I’ve been struggling to put a name…or a concept…or a feeling around the pace of my life lately. From the outside, it seems like I should be really busy…and sometimes I feel that way. But this feeling of busy is far different than what busy used to feel like.
And because this feeling that I knew so very well seems a bit foreign to me now, I’ve been putting a lot of energy to trying to understand why. Why am I not feeling overwhelmed? Why am I not feeling scattered? Why am I not feeling out of control? Or more positively framed, why do I feel a sense of peace despite everything that’s swirling about?
I was pondering this as I looked out the window and noticed some decent sized snowflakes fluttering to the ground and it hit me. Snowflakes are a complex creation…no two are identical yet they have more similarities than differences when observing them from the outside. Despite their complexities and the harshness of winter, they never seem to be in a hurry. Even in a blizzard, each individual snowflake is simply doing its job…eloquently falling to the earth.

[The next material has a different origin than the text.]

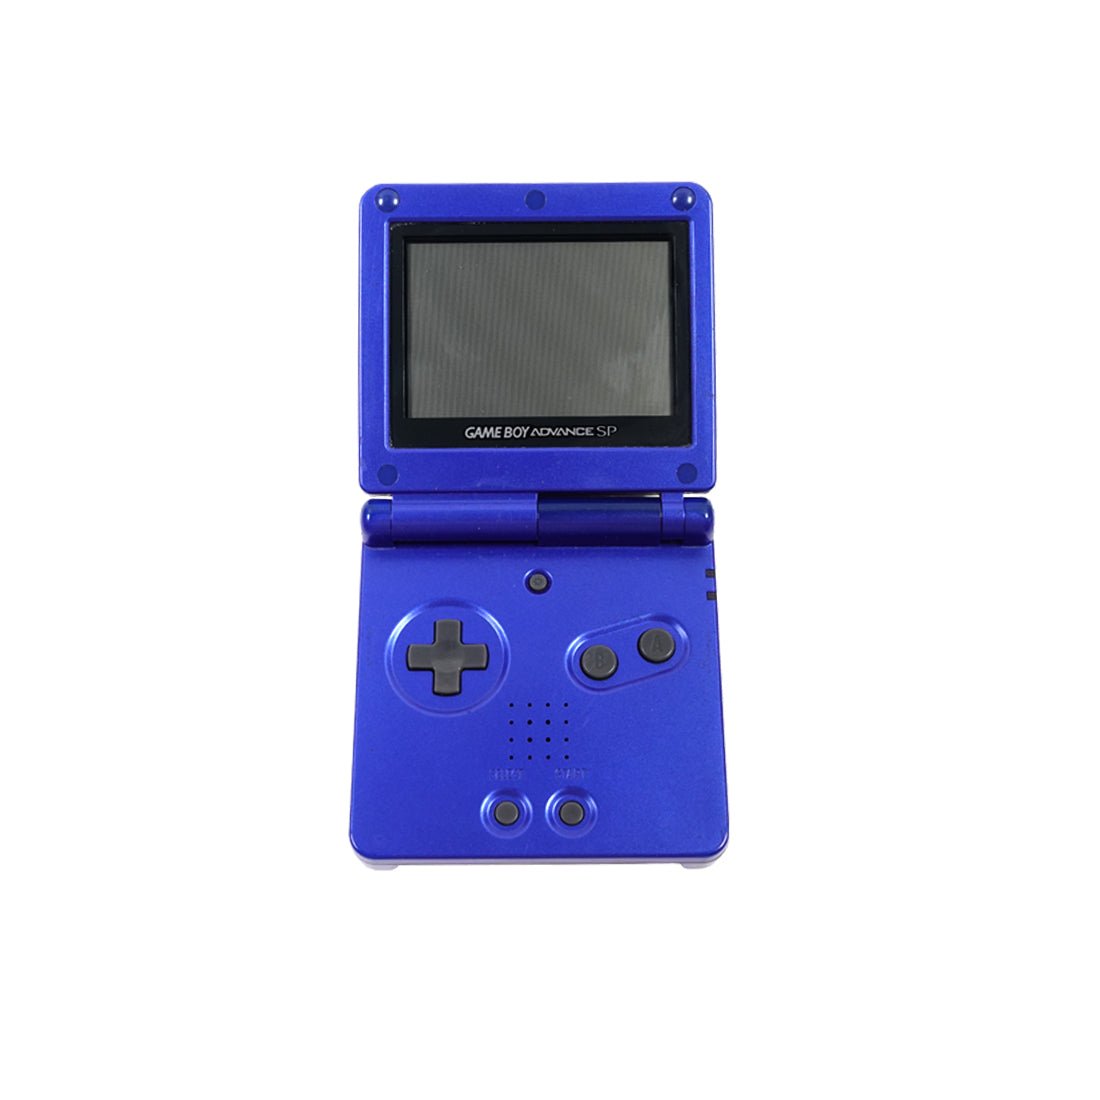 Pre-Owned) Nintendo Game Boy Advance SP Console - Blue - ريترو 
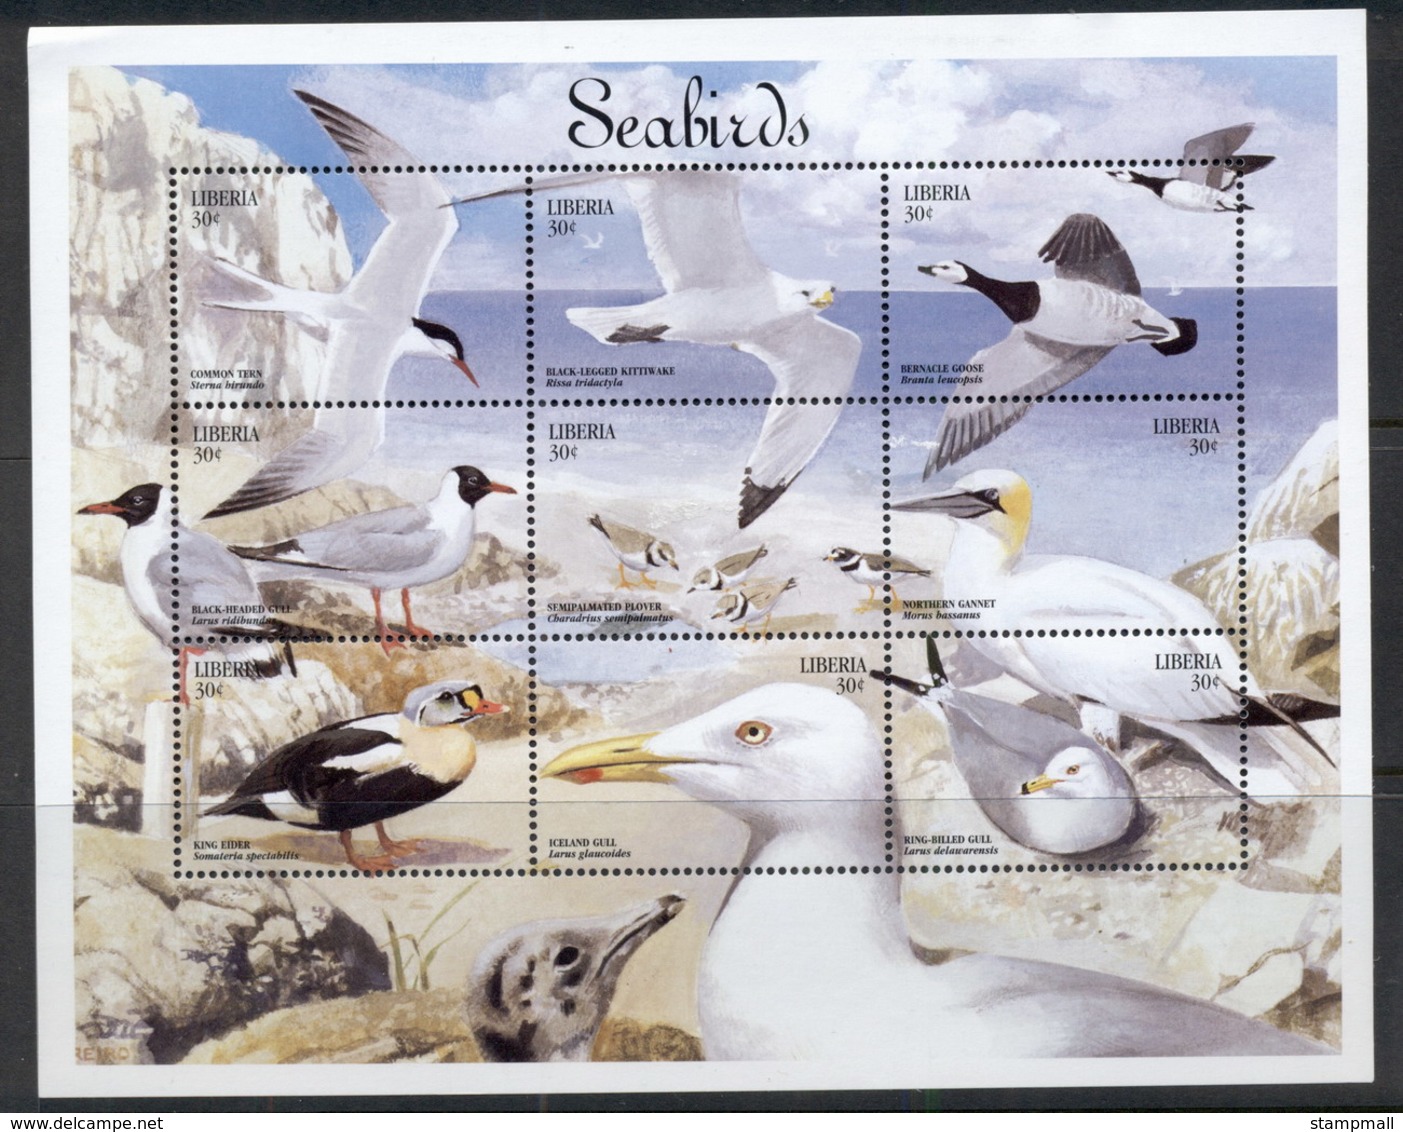 Liberia 1999 Seabirds Sheetlet 30c MUH - Liberia

If they do appear to be in a hurry, it’s the wind pushing them along. Swirling them around. But regardless of what the wind does, the snowflake is still a snowflake. And that’s what I’ve come to realize about the pace of my life.
Because I’m finally in control of my own destiny…meaning I’ve taken full responsibility for what I do and how I feel about it…I’m able to remain unchanged. Able to continue to be at peace and calm despite how the wind may blow around me.
Rather than getting caught up in the breeze, I’m learning to ride the gusts much like the snowflake. I’m finally able to see…and feel…the difference between the two. Just because the wind blows hard and cold, doesn’t mean I have to be. I’m content to remain a complicated, delicate snowflake.